* What you need to do: Practice item. Set the material below down again exactly, with no pictures.

* Data excerpt:
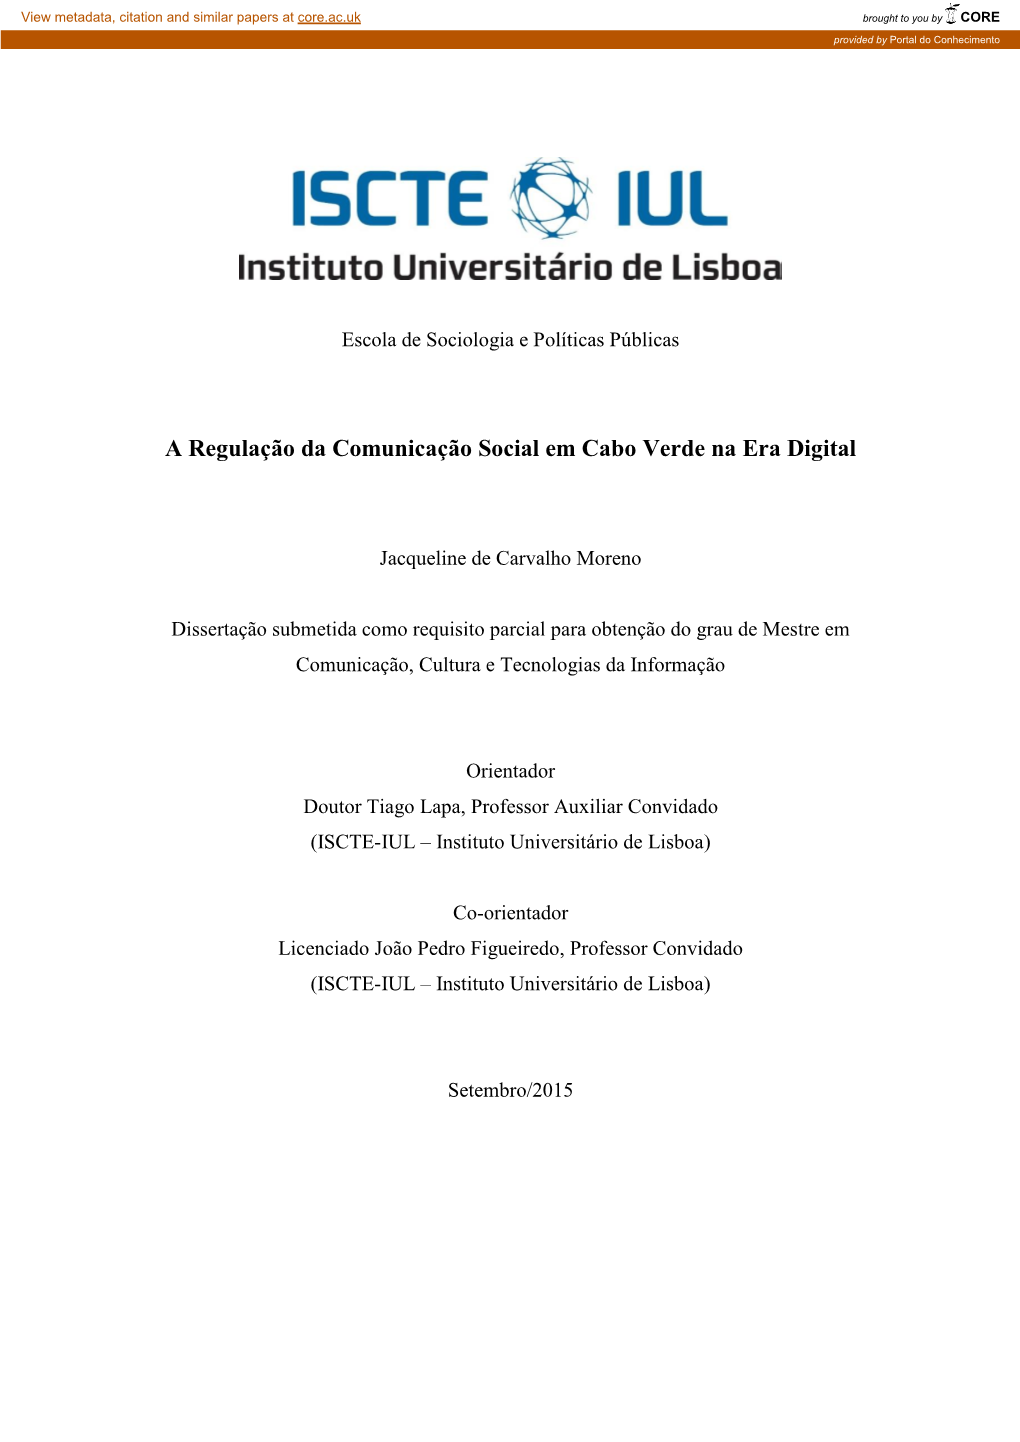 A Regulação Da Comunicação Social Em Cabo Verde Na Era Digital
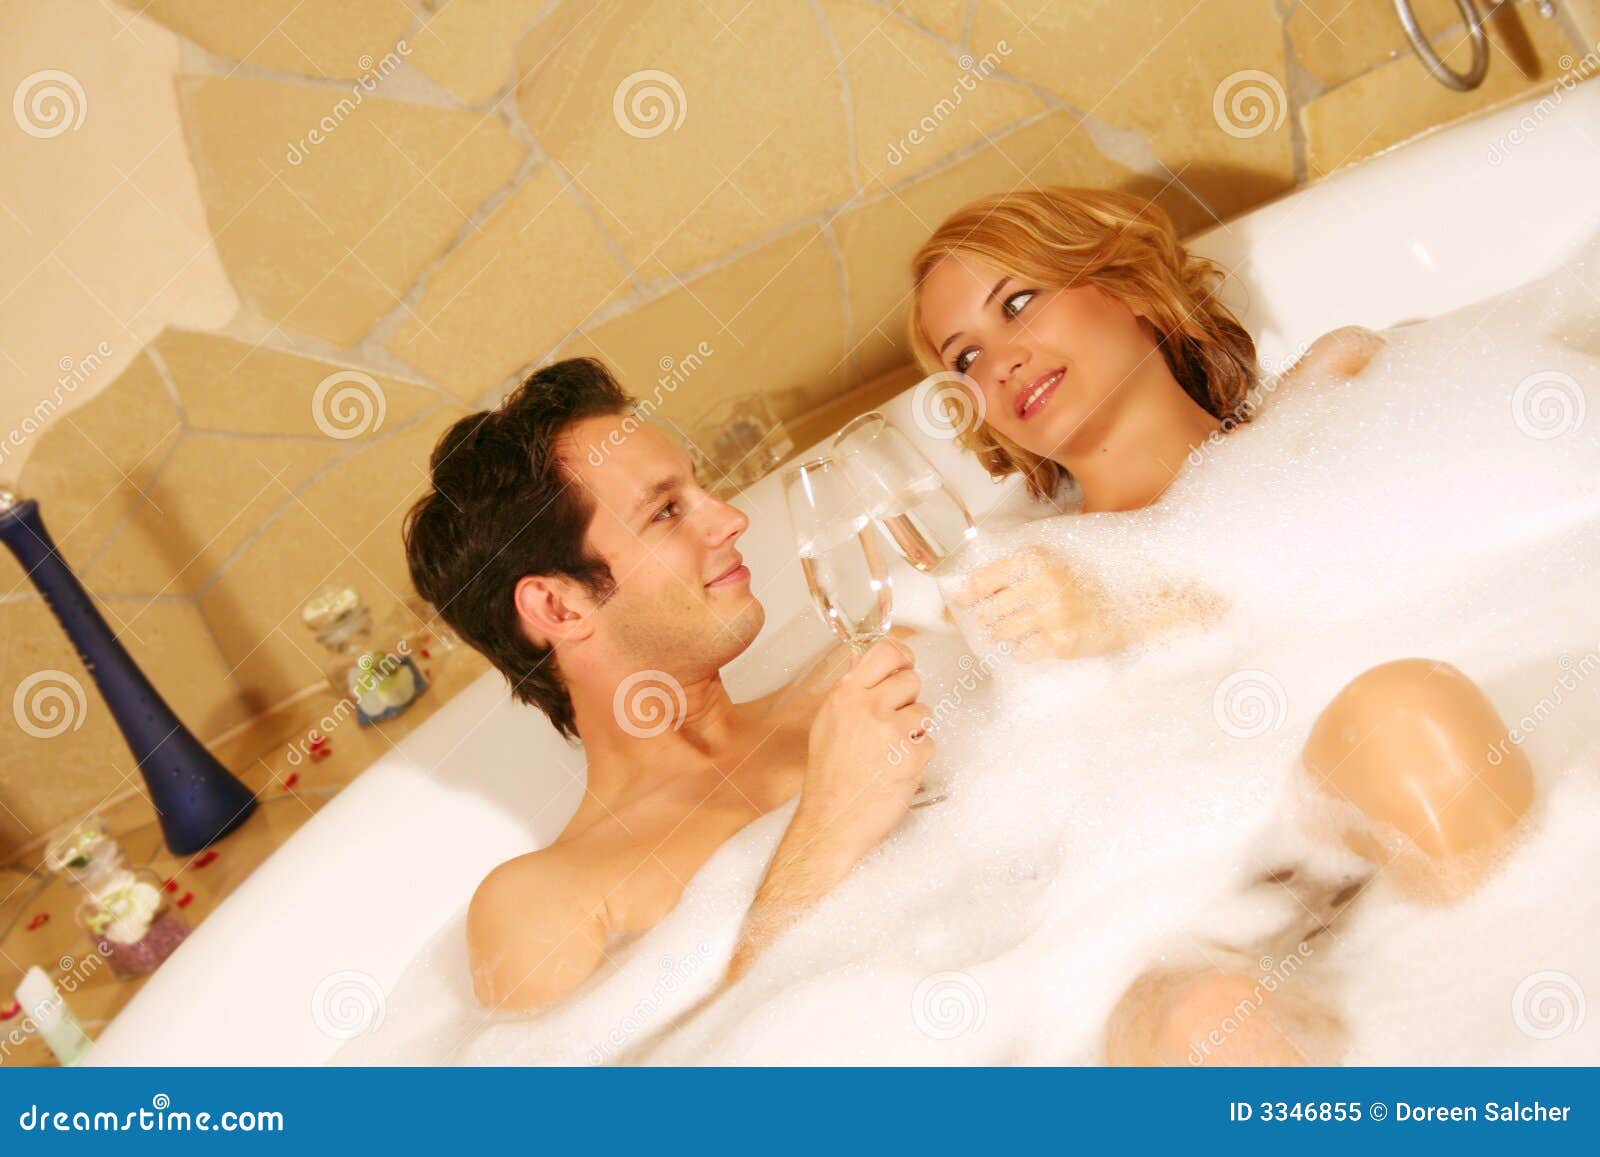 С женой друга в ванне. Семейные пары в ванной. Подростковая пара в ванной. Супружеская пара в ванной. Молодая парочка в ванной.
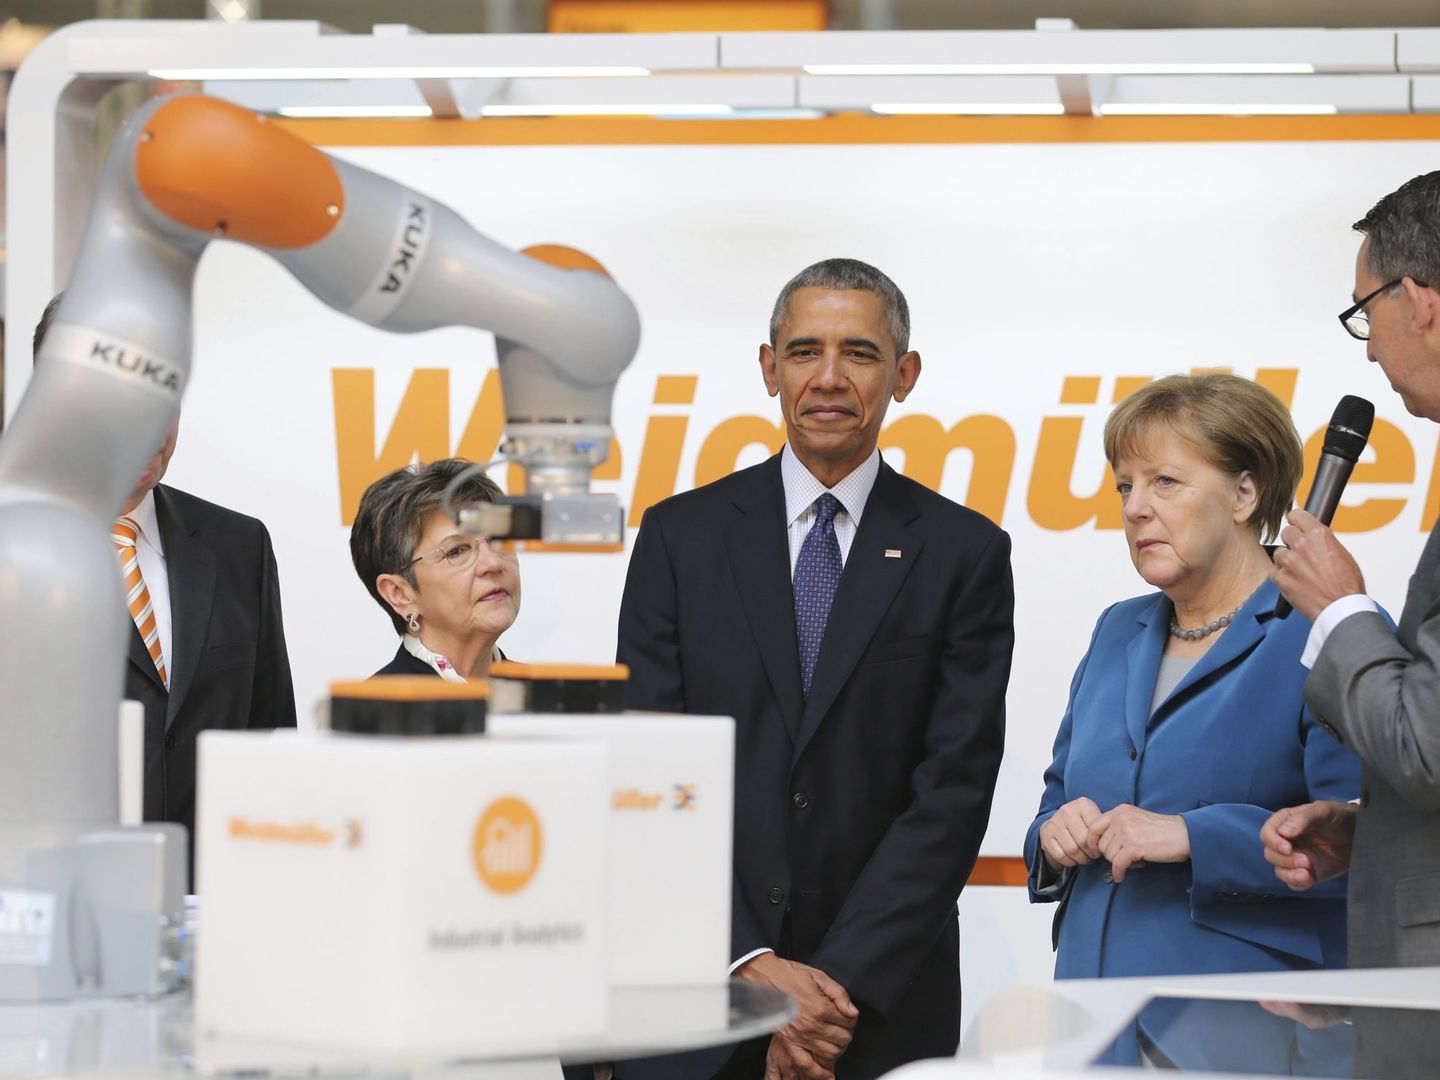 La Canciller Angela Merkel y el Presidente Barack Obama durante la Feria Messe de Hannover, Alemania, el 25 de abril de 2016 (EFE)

* Task answer:
 A Regulação Da Comunicação Social Em Cabo Verde Na Era Digital
 С женой друга в ванне. Семейные пары в ванной. Подростковая пара в ванной. Супружеская пара в ванной. Молодая парочка в ванной.
 La Canciller Angela Merkel y el Presidente Barack Obama durante la Feria Messe de Hannover, Alemania, el 25 de abril de 2016 (EFE)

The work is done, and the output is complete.